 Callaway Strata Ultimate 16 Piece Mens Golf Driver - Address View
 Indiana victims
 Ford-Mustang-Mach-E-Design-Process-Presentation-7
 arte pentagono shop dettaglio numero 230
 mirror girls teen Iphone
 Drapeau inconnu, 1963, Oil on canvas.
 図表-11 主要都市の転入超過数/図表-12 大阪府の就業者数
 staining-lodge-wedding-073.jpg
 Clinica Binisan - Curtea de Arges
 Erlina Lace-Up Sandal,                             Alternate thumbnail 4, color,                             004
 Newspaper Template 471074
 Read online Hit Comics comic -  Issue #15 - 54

* * * * * * * * *

=== Task details ===
Starting at the line with "Drapeau inconnu, 1963, Oil on canvas.", print each remaining line of the listing above exactly as it appears.

=== Answer to this exercise ===
 Drapeau inconnu, 1963, Oil on canvas.
 図表-11 主要都市の転入超過数/図表-12 大阪府の就業者数
 staining-lodge-wedding-073.jpg
 Clinica Binisan - Curtea de Arges
 Erlina Lace-Up Sandal,                             Alternate thumbnail 4, color,                             004
 Newspaper Template 471074
 Read online Hit Comics comic -  Issue #15 - 54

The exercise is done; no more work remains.